We are all of the opinion that when the board had once acted, and fixed the compensation of the county clerk, that compensation can not be changed so as to increase or diminish the compensation to be received by him during his term.”

This decision is in line with all the authorities we have been able to find — that is, that the compensation of public officers, after it has been fixed by the Legislature, can not be changed during their terms of office.

By section 112 of the new Constitution, the Legislature provided that the judges of the Court of Appeals should receive for their services an adequate compensation, to be fixed by law; and the Attorney-General admits in his brief that that provision is mandatory. As before stated, the Legislature did fix the compensation, by the act of March 4, 1894, at $5,000. But the contention is, that it does not apply to the judges then in office, by reason of section 2 of said act. We can not agree to this. The Constitution established a new Court of Appeals, beginning January 1, 1895, and we think the second section of the act of 1894 had reference alone to the judges of the old court from the time of the adoption of the act until the organization *660of the new court on January 1, 1895. Otherwise, if that provision (section 2) had not been inserted in that act, the judges of the old court would have been entitled to $5,000 from the time of adoption of the act until the new court was organized January 1, 1895; and we think the reasonable construction of that act is, that the salaries of the judges should be equal, and each judge of the new court should draw $5,000 from the organization of the new court on January 1, 1895. And our conclusions are fortified by the 112th section of the Constitution, by the use of the language, “They shall, at stated times, receive for their services an adequate compensation, to be fixed by law.”

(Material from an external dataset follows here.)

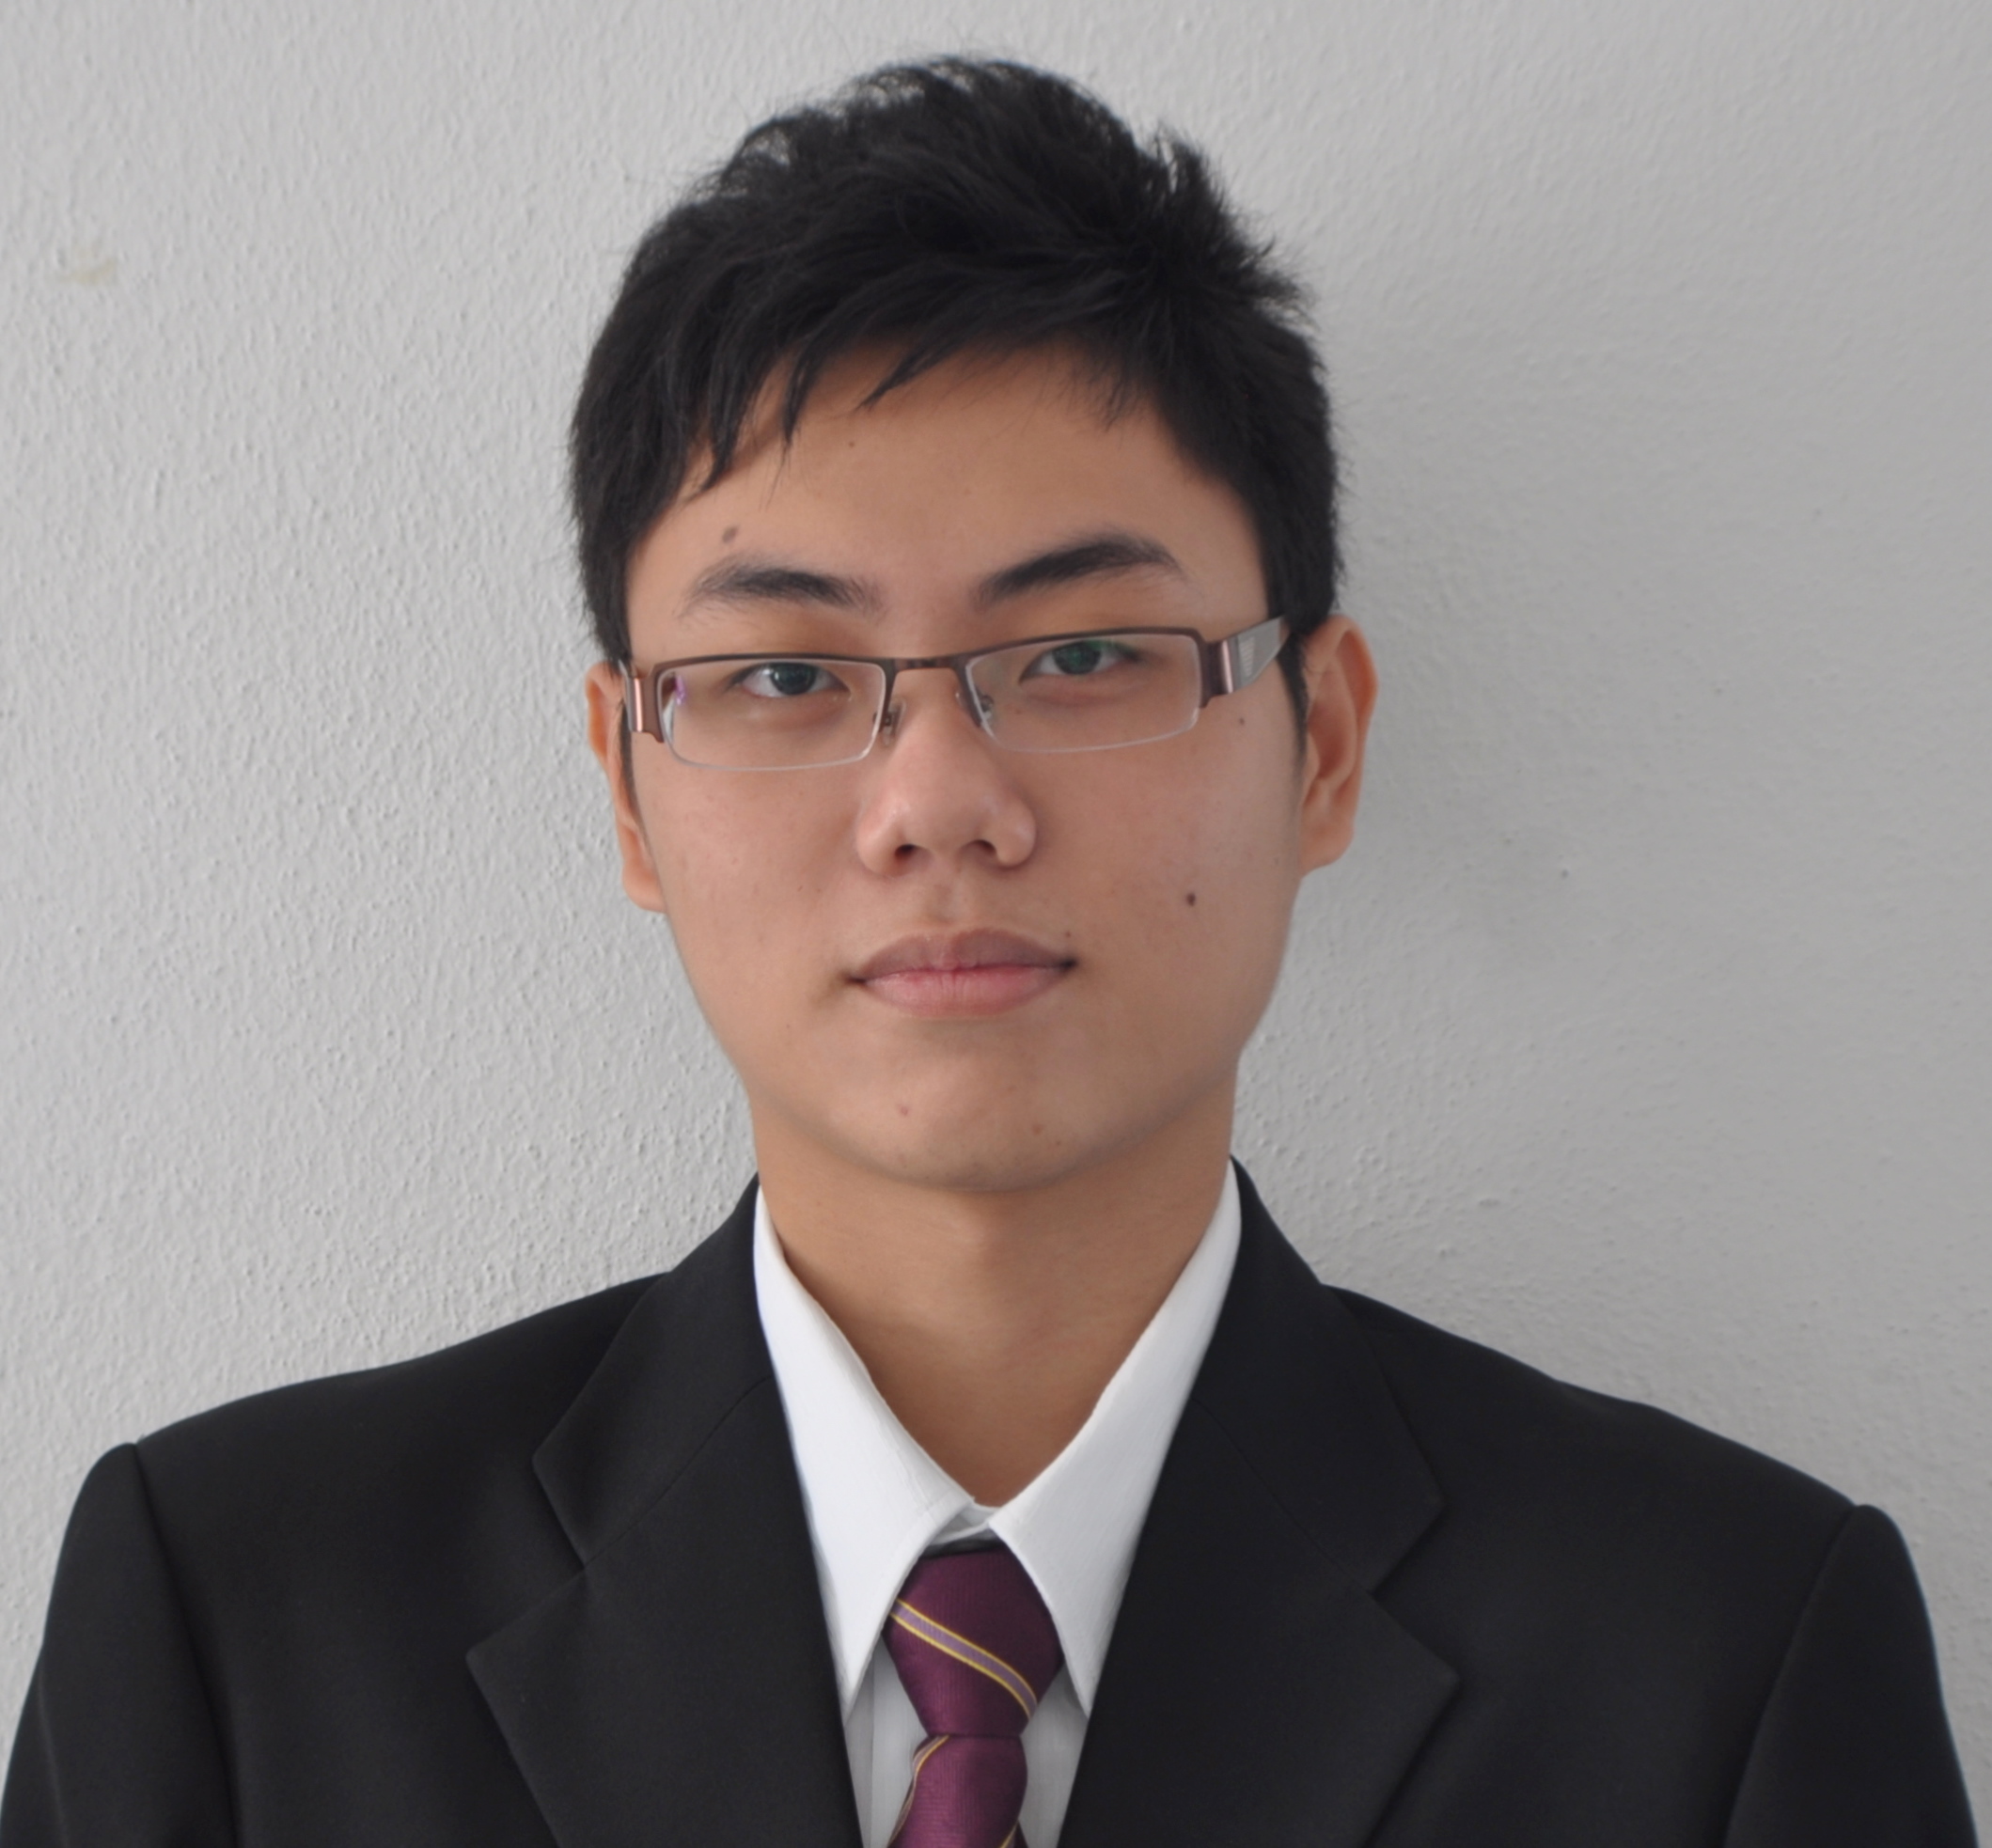 I am Liong Yong Chang, 3rd year student of Universiti Sains Malaysia, majoring urban and regional planning. - e6a281e6b0b8e6988ce5908ce5ada6

It was not contemplated by the framers of the Constitution, or the people that adopted it, that old and experienced judges should have a less salary than the new judges to be elected in November, 1894, and who were to form a part of the new court on the 1st day of January, 1895. The spirit and the intent of the people in adopting this new Constitution was equality — equality in salaries, equality in taxation, equality in rights; and it certainly would be unequal and unjust that these old judges, Pryor and Lewis, who had served on the bench for years, should receive a less salary than new judges to be elected, who were without experience in this court of last resort. These views are further fortified by section 133 of the new Constitution, providing that the circuit judges shall receive for their services an adequate compensation to be fixed by law, “which shall be equal and uniform throughout the State.” The salary of the circuit judges was fixed at $3,000 before the adoption of the new Constitution, and *661the power given by section 133 has never been exercised by the Legislature. They still continue to draw $3,000, and will continue to do so until the Legislature acts.

We conclude that the New Constitution provided for a supreme court called the Court of Appeals of Kentucky; that it was a new court, to go into effect on the 1st day of January, 1895; that the Legislature had the right to fix the compensation of the judges of said court: they did fix it, by the act of March 4, 1894, and it applied to all the judges of that court organized January 1, 1895, and that said judges, including the appellees, are entitled, under that act, to a salary of $5,000 per annum each.

Judgment affirmed.

Special Judge Waddle dissenting and will file dissenting opinion.